Recorded data:

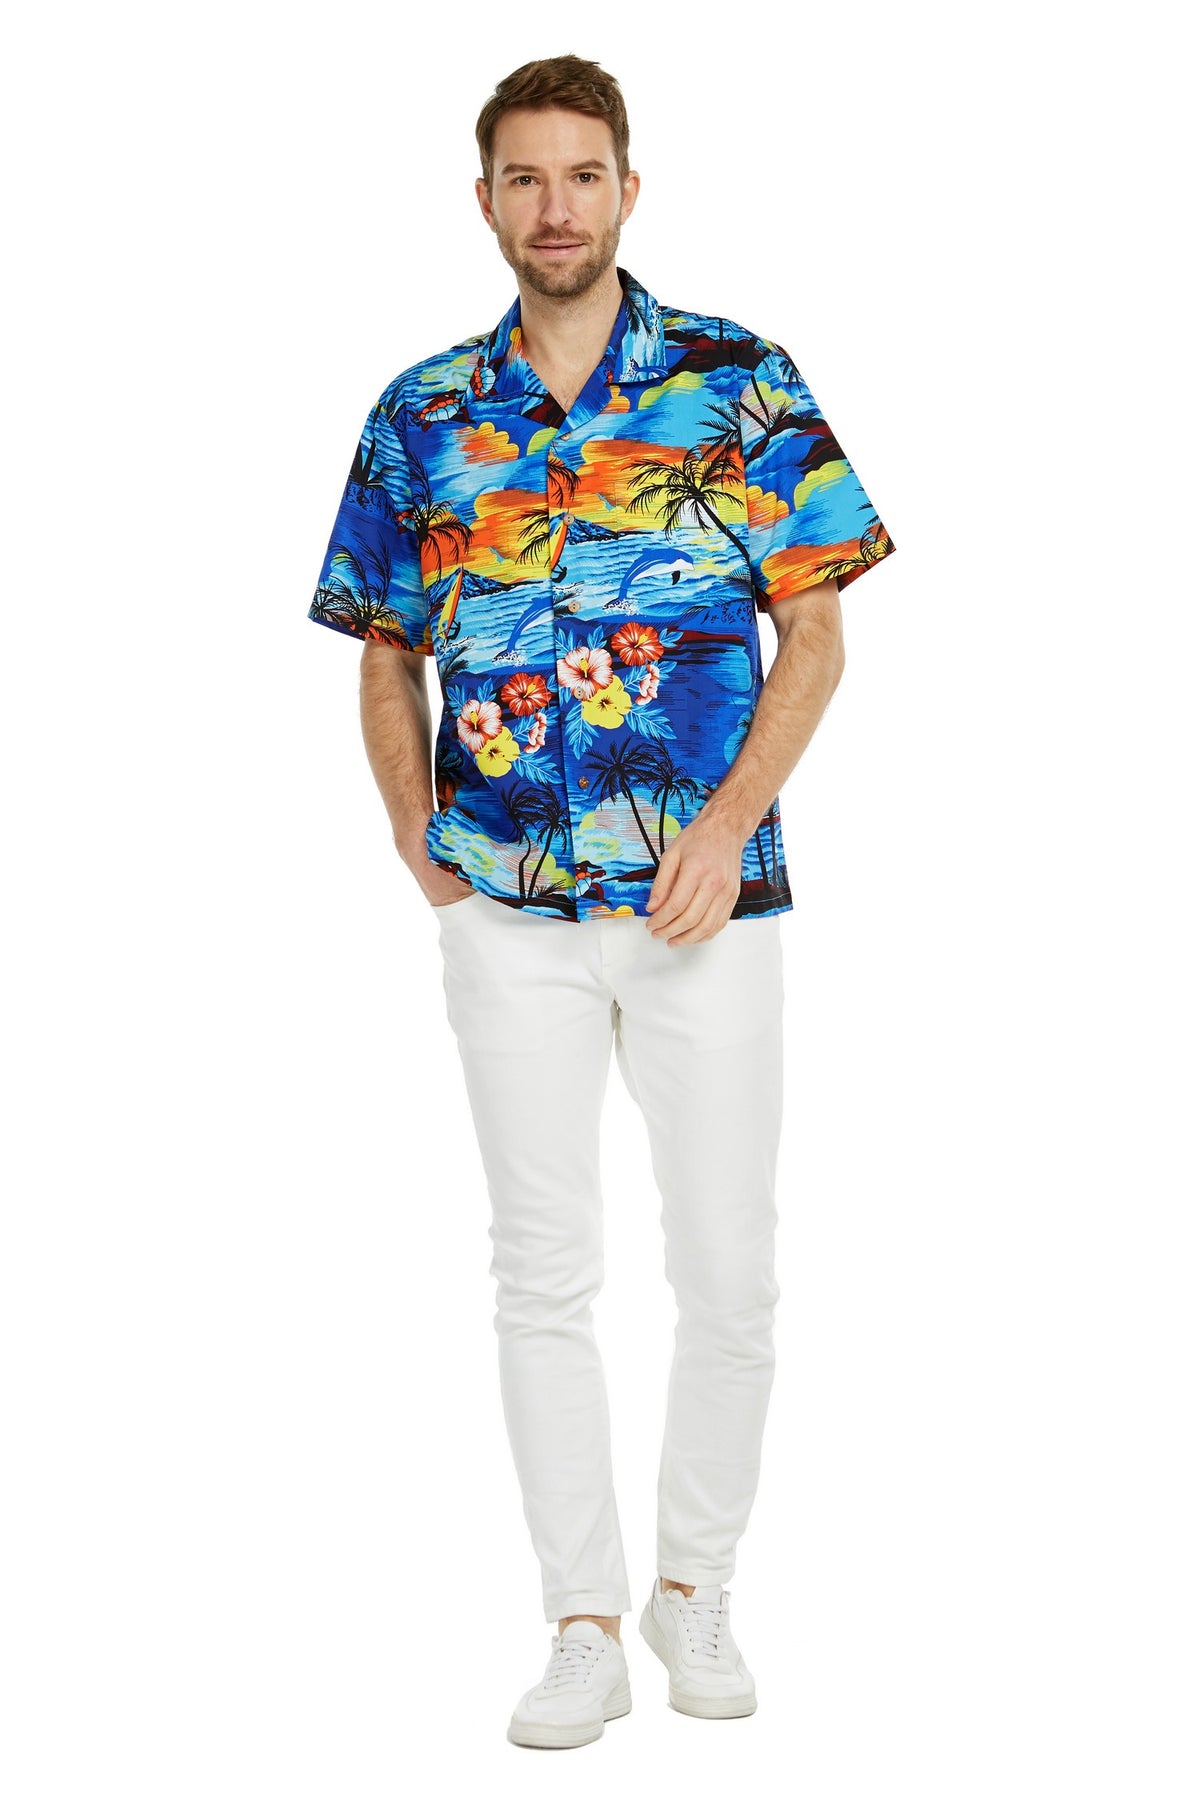 Hawaii Hangover Hawaiian Shirt Aloha Shirt in Sunset with Dolphin Blue 2XL
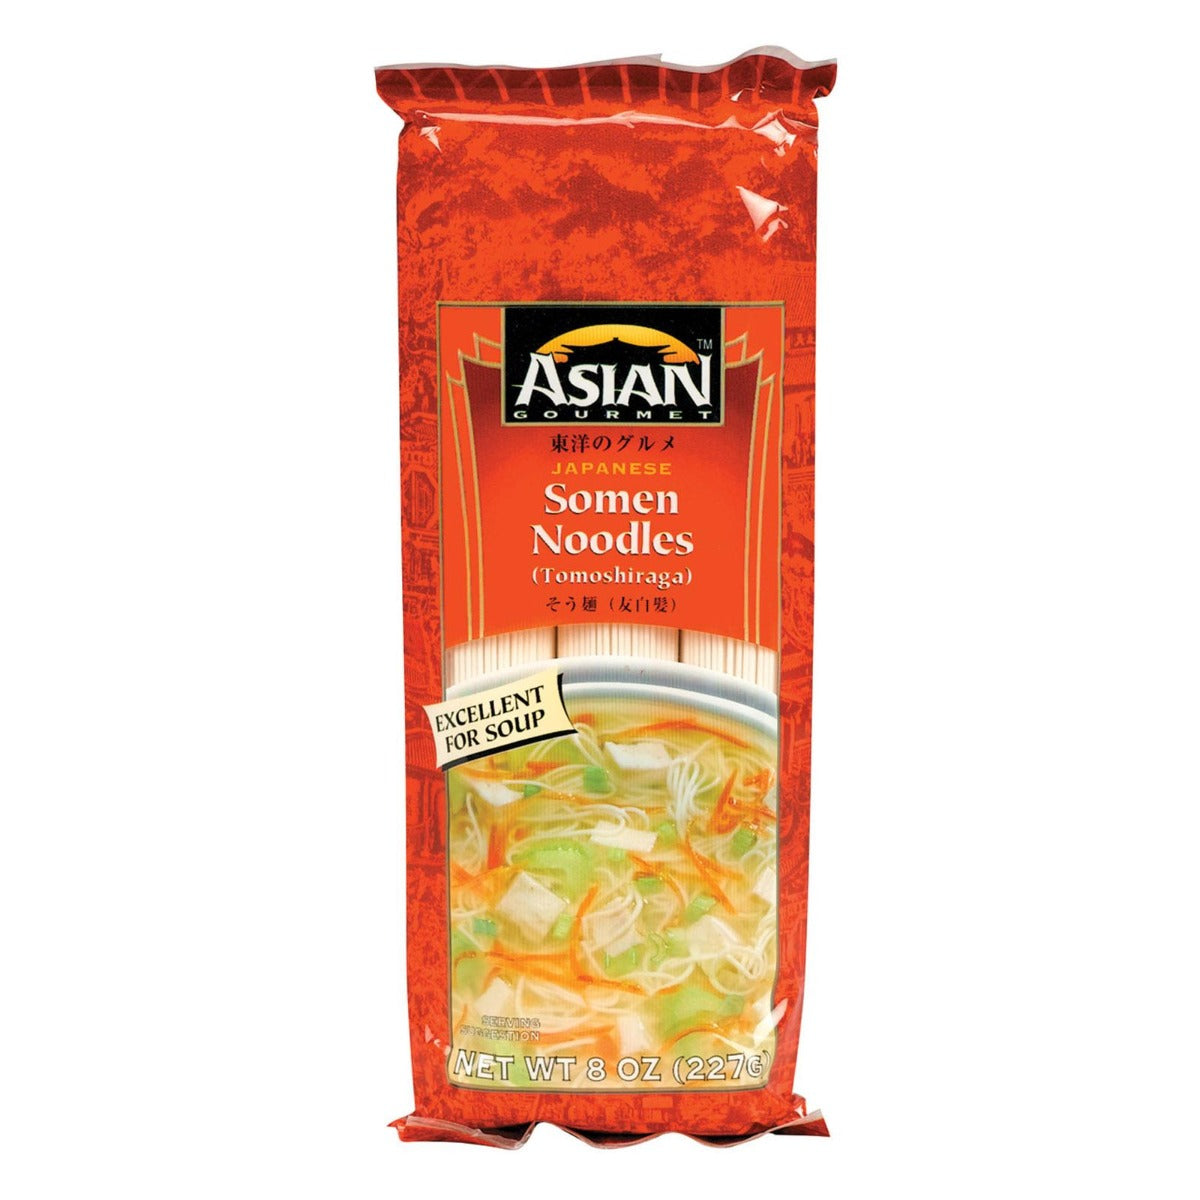 ASIAN GOURMET: Noodles Japanese Somen Tomoshiraga, 8 oz - Vending Business Solutions
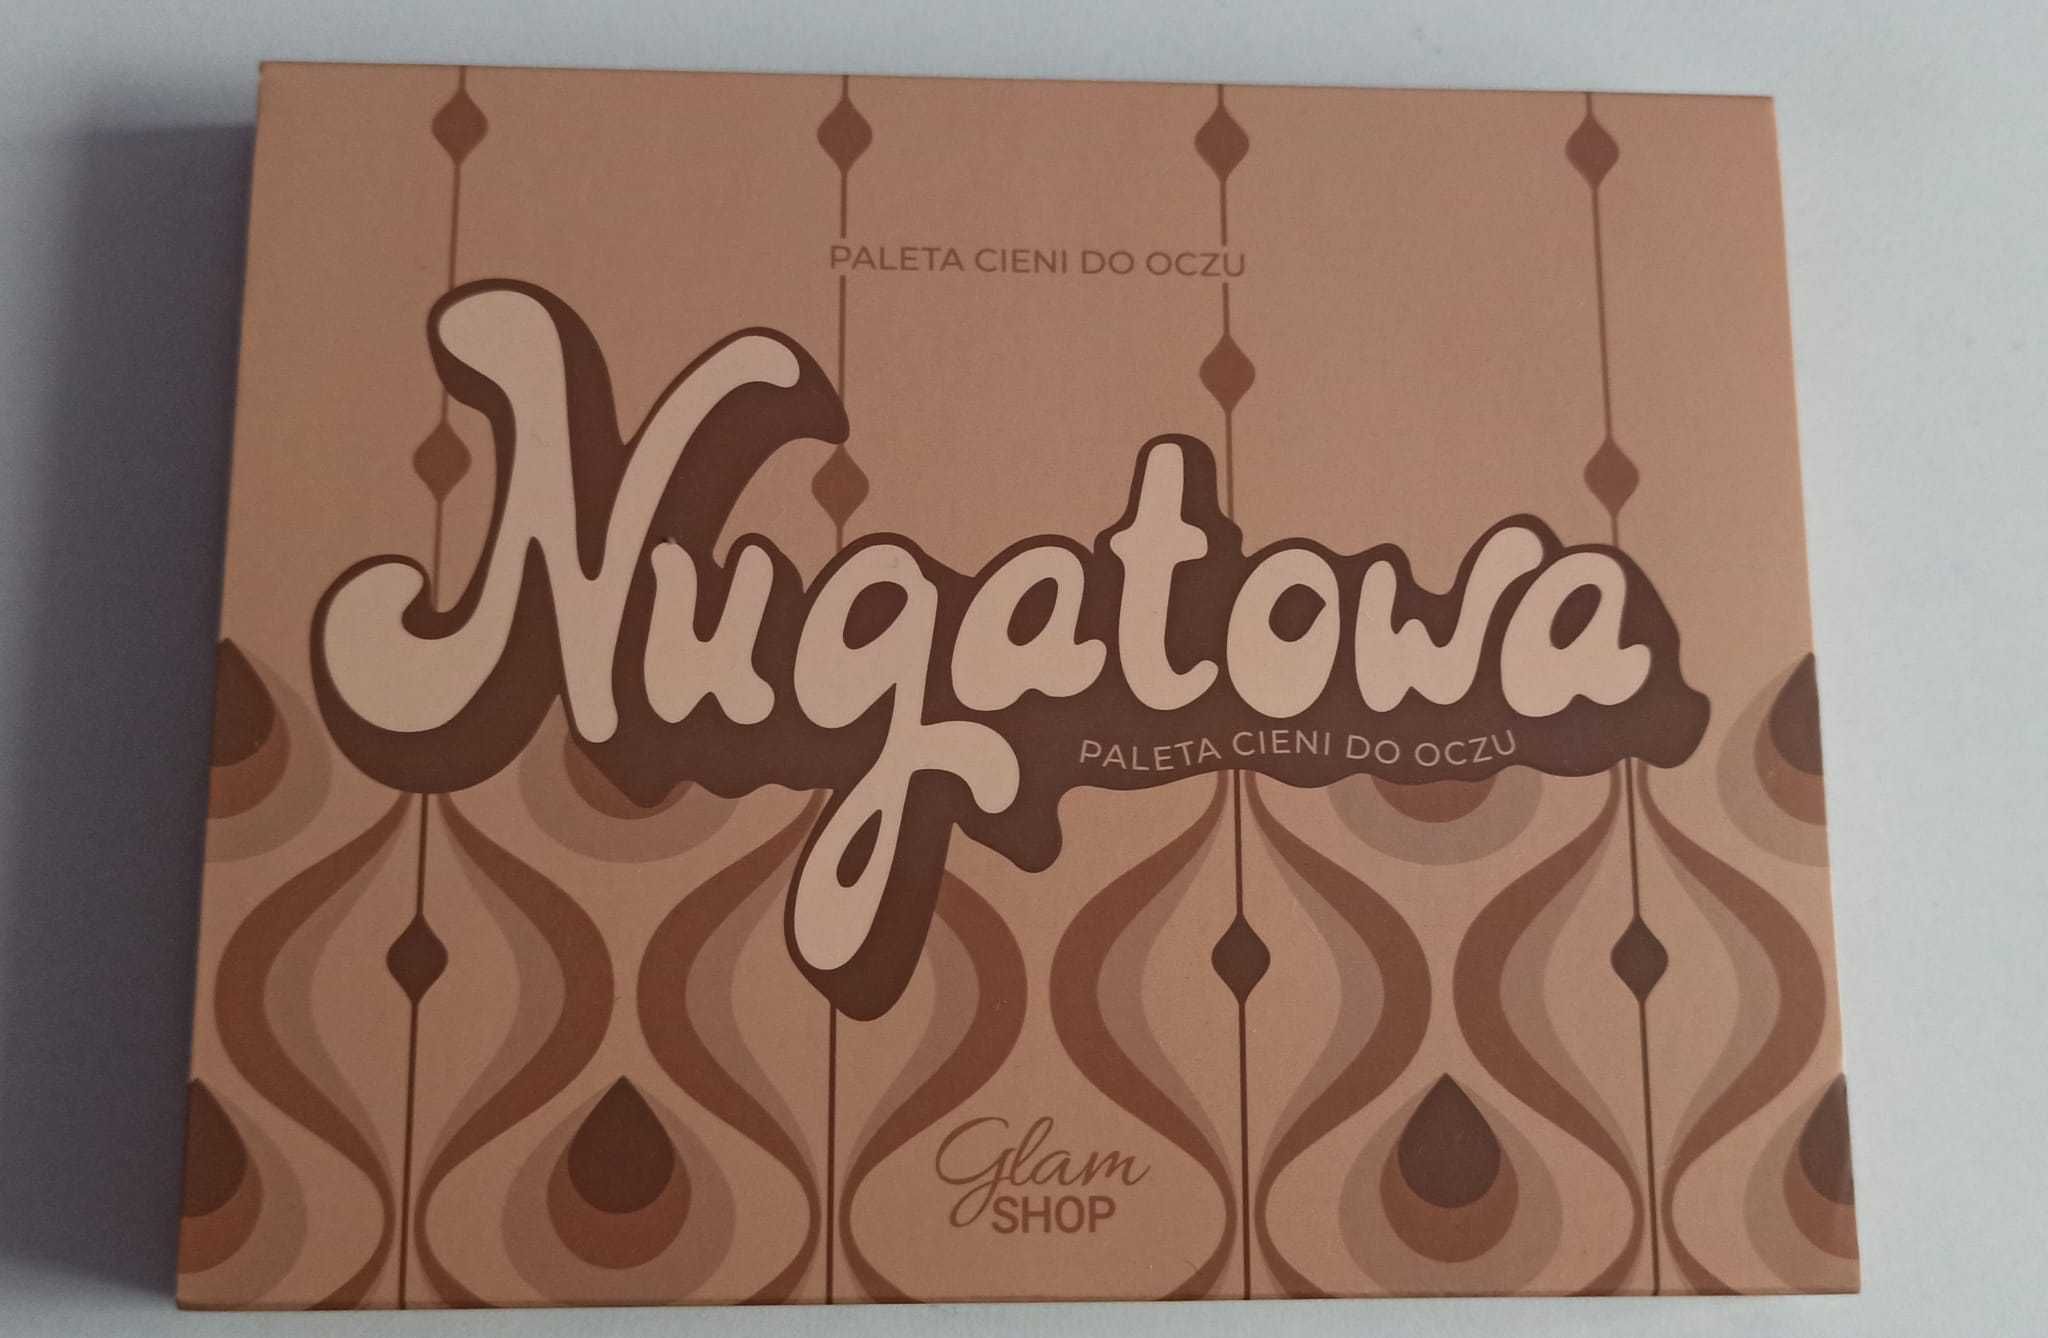 Nowa paleta Nugatowa Glamshop

Activity: Pictures aside, please output the whole listing exactly as it appears above.

Answer to this task:
 Hawaii Hangover Hawaiian Shirt Aloha Shirt in Sunset with Dolphin Blue 2XL
 ASIAN GOURMET: Noodles Japanese Somen Tomoshiraga, 8 oz - Vending Business Solutions
 Nowa paleta Nugatowa Glamshop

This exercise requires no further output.